2 - 5   JULES, LE JARDINIER

Jules Woets, né en 1912, entre comme jardinier à Vémars en 1935, d’abord au service de Léonie Lafon, puis de Jeanne et François Mauriac. Il meurt en 1981.


« Jules était mon ami »

Jean Mauriac  évoque le souvenir de Jules avec émotion :

« Il était entré au service de la famille Lafon  bien avant le début de la deuxième guerre mondiale … C’était un homme du Nord, de Saint-Omer, et son père était lui-même jardinier aux Carneaux, domaine de la famille Bouix … Jules était un jardinier hors pair, il entretenait les deux potagers de la propriété, il cultivait de tout, de la rhubarbe aux artichauts … L’hiver, il faisait pousser des endives et des pissenlits dans la cave de la maison… Nous avons vécu des fruits et des légumes qu’il produisait à Vémars : tous les dimanches soirs, nous rentrions à Paris avec des paniers toujours pleins… »
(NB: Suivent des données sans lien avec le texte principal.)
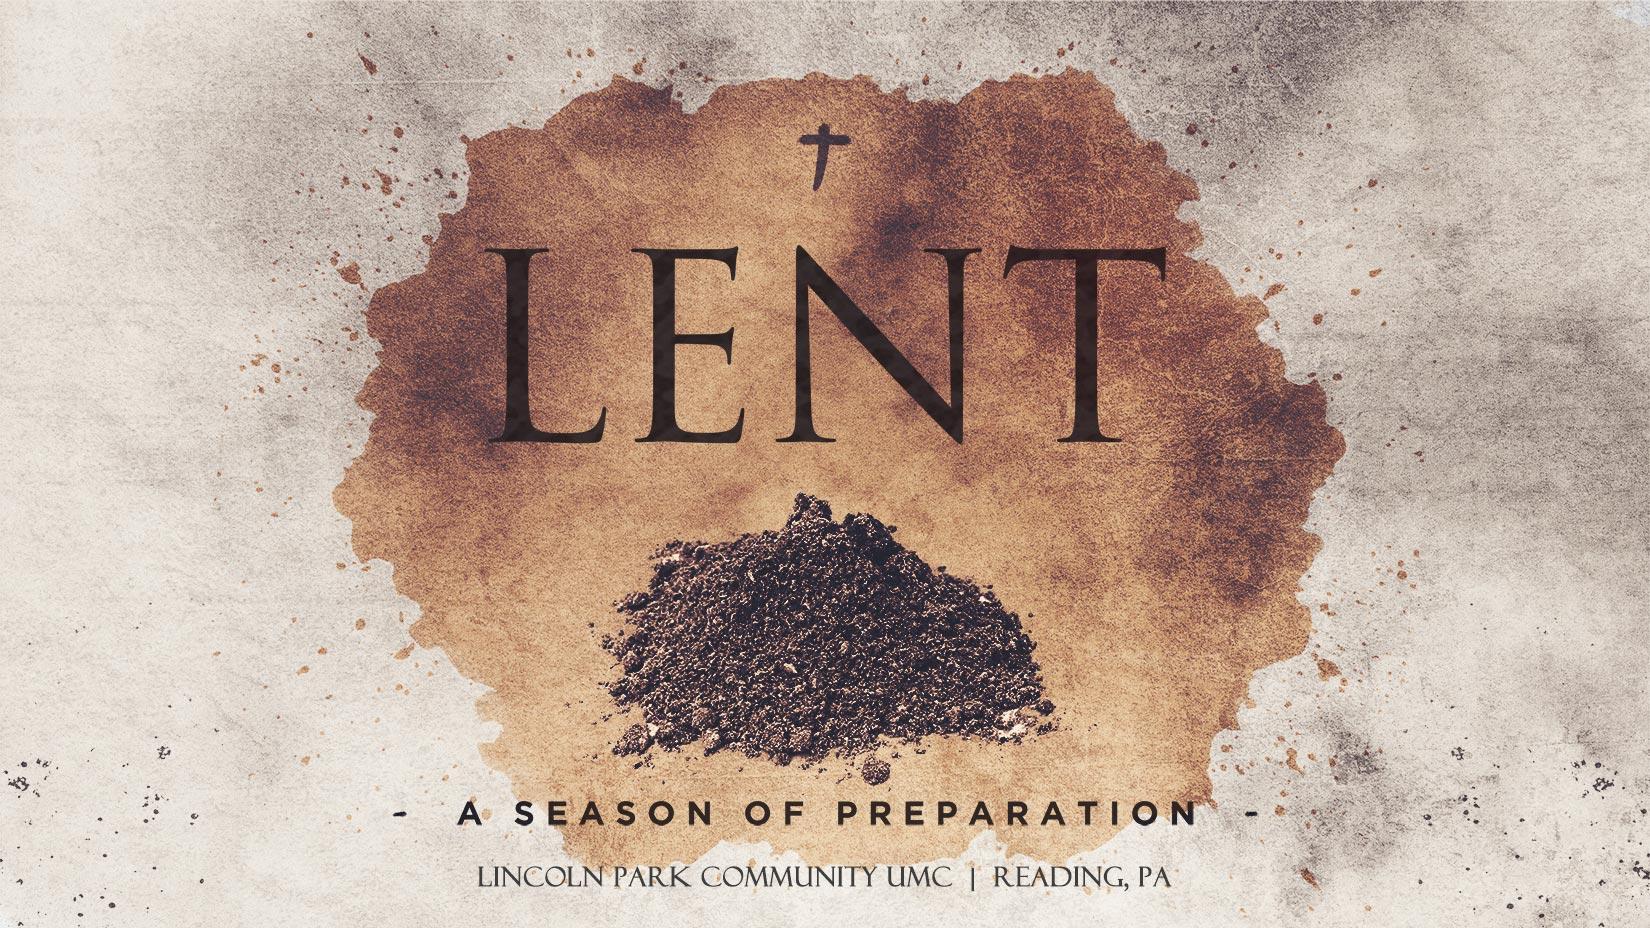 Lent - A Season Of Preparation - Lincoln Park Community UMC

Jean Mauriac parle encore de ce foisonnement de fleurs qui ornait des parterres entiers :
« Les plus beaux zinnias qui soient, des lys, des iris, des glaïeuls, des pivoines, des pois de senteur… De Pâques aux premières gelées, c’était un embaumement permanent de fleurs…
Grâce à Jules, toujours un odorant et majestueux bouquet ornait le vase de l’entrée, que ce soit à Vémars ou à Paris…
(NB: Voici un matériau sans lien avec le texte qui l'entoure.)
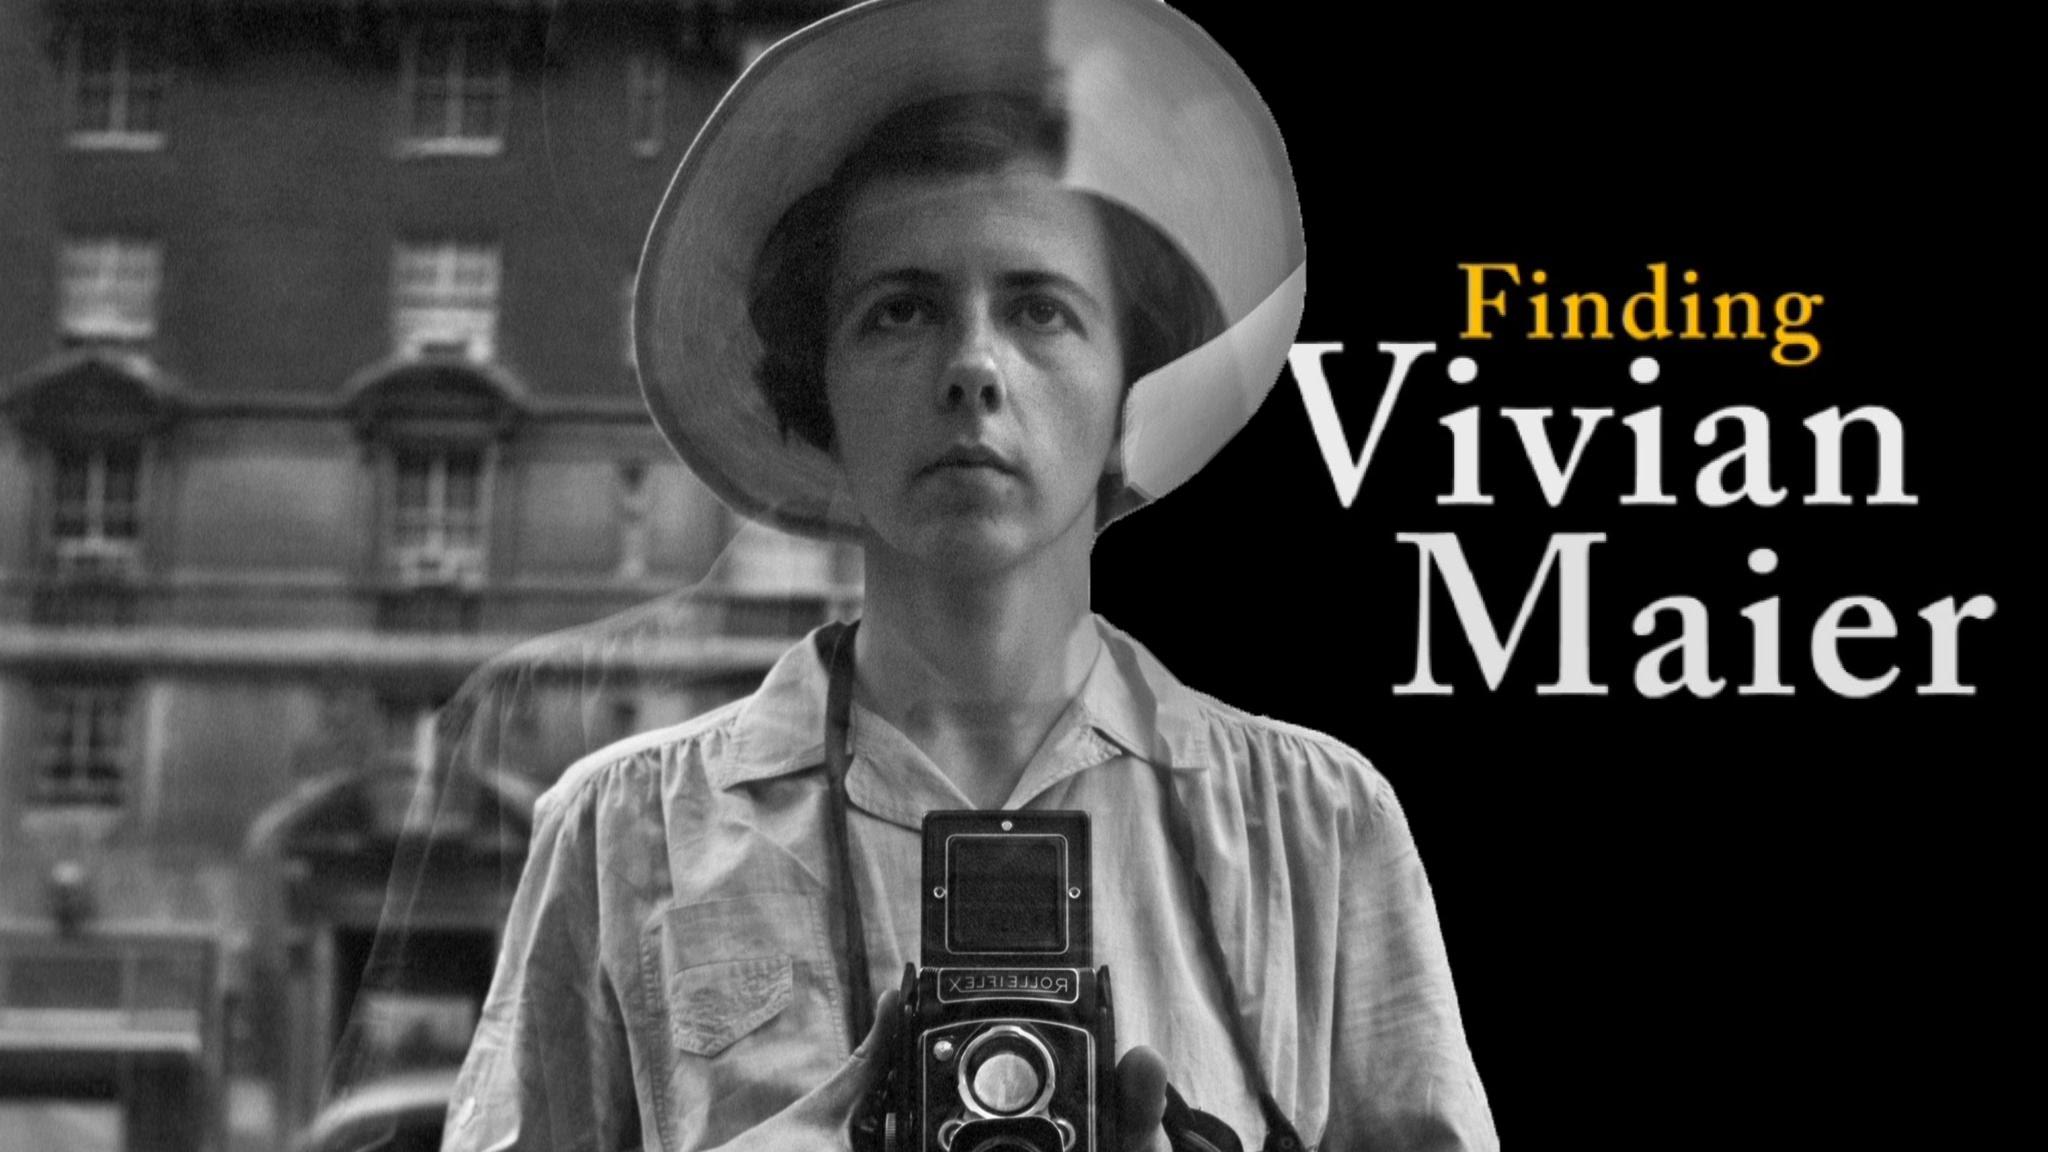 Finding Vivian Maier, Maloof, John and Charlie Siskel, 2013.

… Quand la cloche sonnait la mort d’un Vémarois: Master, me disait-il – il m’appelait Master, il y a un temps pour tout, on ne peut pas être et avoir été… Il a fait son temps…



Jules a été l’un de mes meilleurs amis : il m’a appris à aimer la nature, la campagne, les oiseaux… Il a tenu une très grande place dans ma vie. »

                                                                                                                            Paris, décembre 2013

1 commentaire:

  1. Mon voisin Mauriac

    Je me souviens gamin dans ma rue de la Croix Boissée, avoir vu certain vendredi soir la DS noire du Générale de Gaulle venant voir son ami Mauriac. Je me souviens aussi très bien de leur jardinier, Jules Woets, qui passait devant le domicile de mes parents tous les après-midi pour se rendre chez Mlle Billeau (ancien café, épicerie, bar, cinema, ….) et repassait une bonne heure après avec le teint rouge et reposé (ah ce Jules!!)